I have personally learned a lot this past week. I learned that having a flu in the summer time is not particularly enjoyable, as if it is fun any other time of the year. Having a 102-degree temperature while the heat index is 110 degrees outside is especially most dreadful (in case you were wondering). I also learned something of even greater value. I learned about the fascinating role Christianity has played in the demise of slavery. In fact, the Christian worldview should most certainly be accredited with the removal of the practice despite financial woes held by anti-Abolitionists. Many critics have claimed that the Christian Bible does not go far enough in speaking out against the horrible practices of human slavery.

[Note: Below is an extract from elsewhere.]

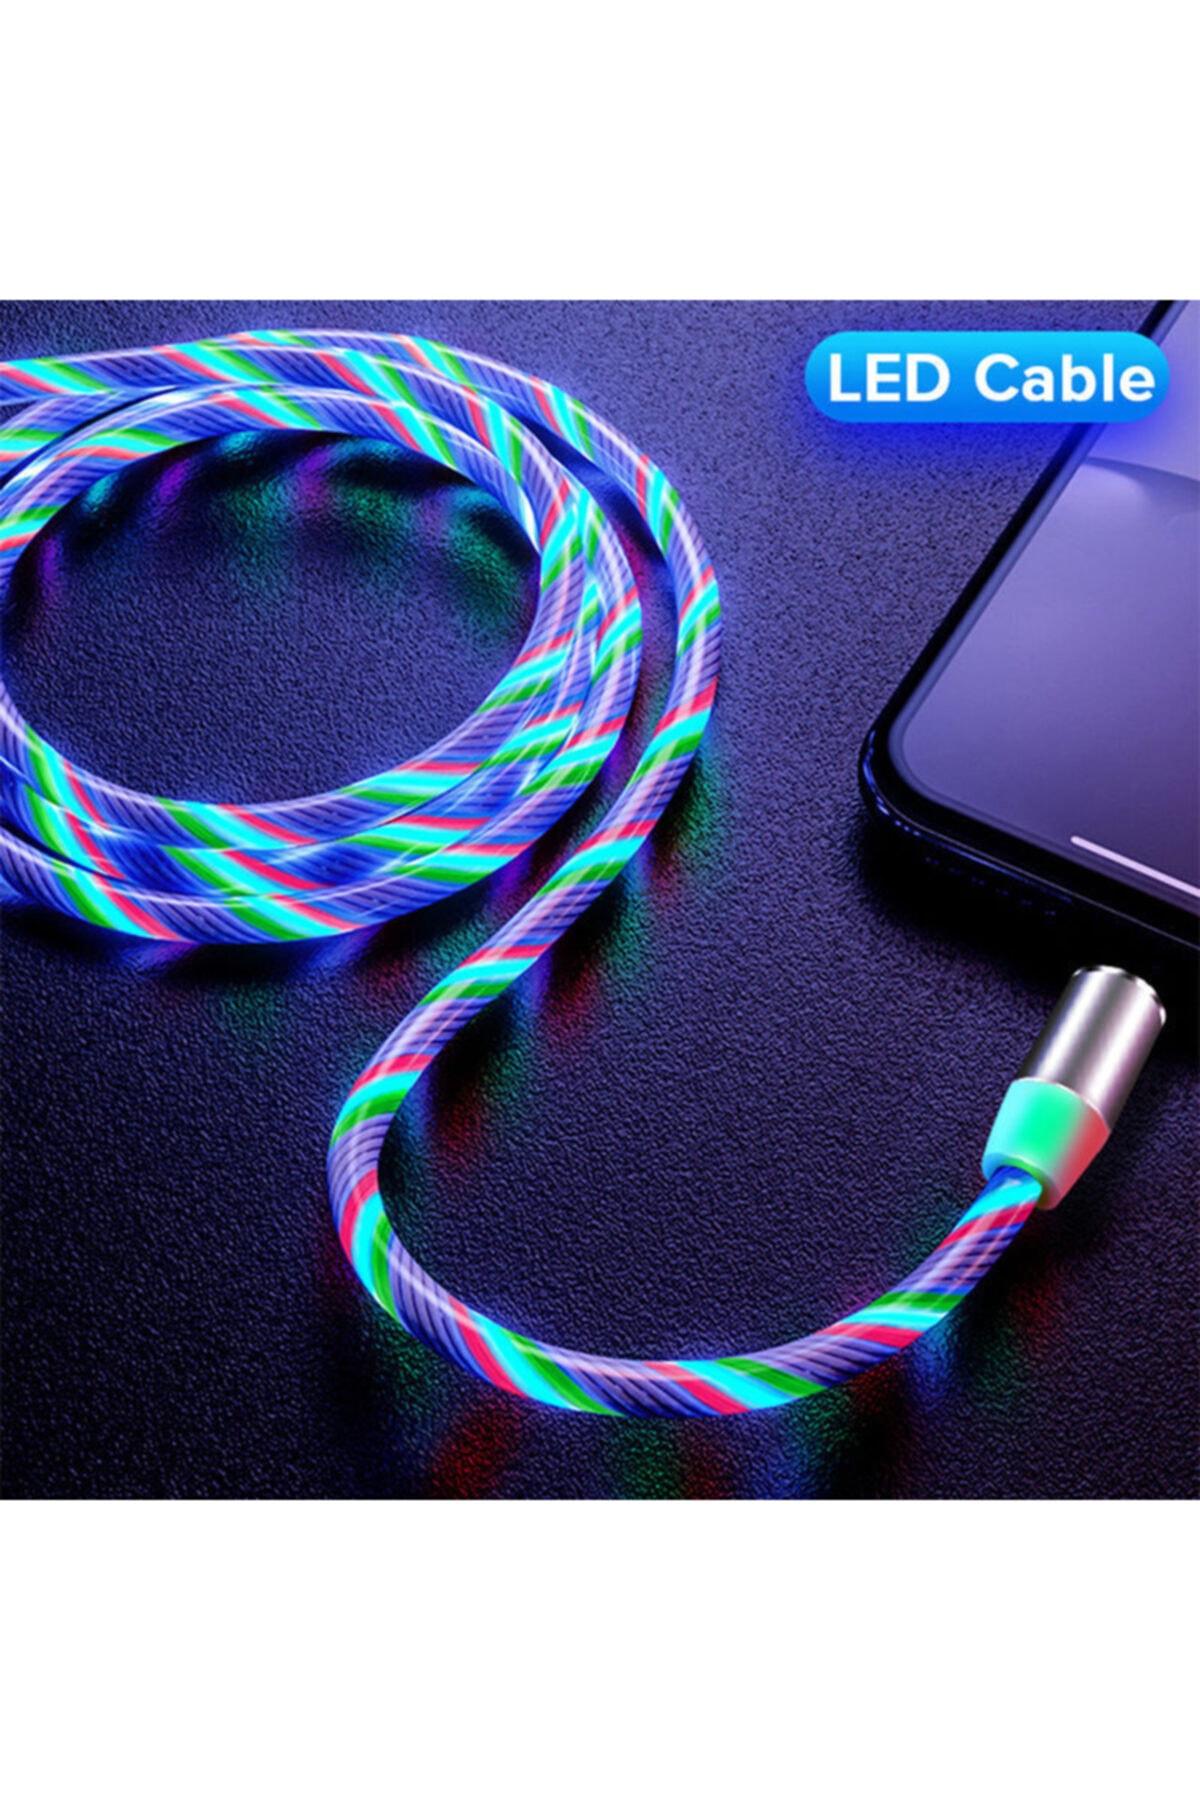 Elmas Type C Full Işıklı Hareketli Manyetik Mıknatıslı Şarj Aleti Sarj Kablosu Rbg Karışık Renkli 1

What I have found demonstrates quite the opposite. I have found two particularly interesting ways that Christianity led to the demise of slavery.
Christianity revolutionized the way slaves were viewed.
Critics often focus on the New Testament writer’s lack of reform as it pertained to the issue of slavery. Yet, how were the New Testament writers supposed to bring reform when most of them held no offices? For those Christians who knew people of notoriety, those individuals held positions in Jewish life. Jews were under the authority of the Roman Empire. So, exactly how were they to bring reform to the Roman Empire? Even if they by chance knew someone high in the Roman monarchy, how would the notion that all were equal in the eyes of God settle with a monarch who sought to keep people in check under his jurisdictional authority? They couldn’t.
Nevertheless, the message found in the New Testament was revolutionary in Greco-Roman times. The apostle Paul notes that “in one Spirit we were all baptized into one body—Jews or Greeks, slaves or free—all were made to drink of one Spirit” (1 Corinthians 12:13, ESV). Yes, it should be noted that slavery was much different in ancient times than it was in Colonial America. With this in mind, it is still inconceivable that Paul would exclaim that slaves held the same position as freedmen in the body of Christ. This was a revolutionary concept. God had saved a people that included individuals from all walks of life. For that reason, he could proclaim that “There is neither Jew nor Greek, there is neither slave nor free, there is no male and female, for you are all one in Christ Jesus” (Galatians 3:28, ESV). Equipped with a mindset of love for every person, later Christians would be led to destroy the very practice of slavery.
Christianity brought about the elimination of slavery’s practice.
Historian Rodney Starks writes the following:
“Although it has been fashionable to deny it, anti-slavery doctrines began to appear in Christian theology soon after the decline of Rome and were accompanied by the eventual disappearance of slavery in all but the fringes of Christian Europe. When Europeans subsequently instituted slavery in the New World, they did so over strenuous papal opposition, a fact that was conveniently ‘lost’ from history until recently. Finally, the abolition of New World slavery was initiated and achieved by Christian activists” (Starks 2004, 291).
Timothy Keller adds, “When the abolitionists finally had British society poised to abolish slavery in their empire, planters in the colonies foretold that emancipation would cost investors enormous sums and the prices of commodities would skyrocket catastrophically. This did not deter the Abolitionists in the House of Commons” (Keller 2008, 65).
Thus, to answer the skeptics, while Christian Scriptures addressed the problem of slavery it its own way, it was in fact the ethics that flows out of the Christian worldview that led to the demise of the slave trade! Christianity also holds the answer to another kind of slavery: the slavery to sin. Freedom from that slavery can be found in the love and atonement offered by Christ Jesus.
© July 25, 2016. Brian Chilton.
Keller, Timothy. The Reason for God: Belief in an Age of Skepticism. New York: Penguin, 2008.
Starks, Rodney. For the Glory of God: How Monotheism Led to Reformations, Science, Witch-Hunts, and the End of Slavery. Princeton, NJ: Princeton University Press, 2004.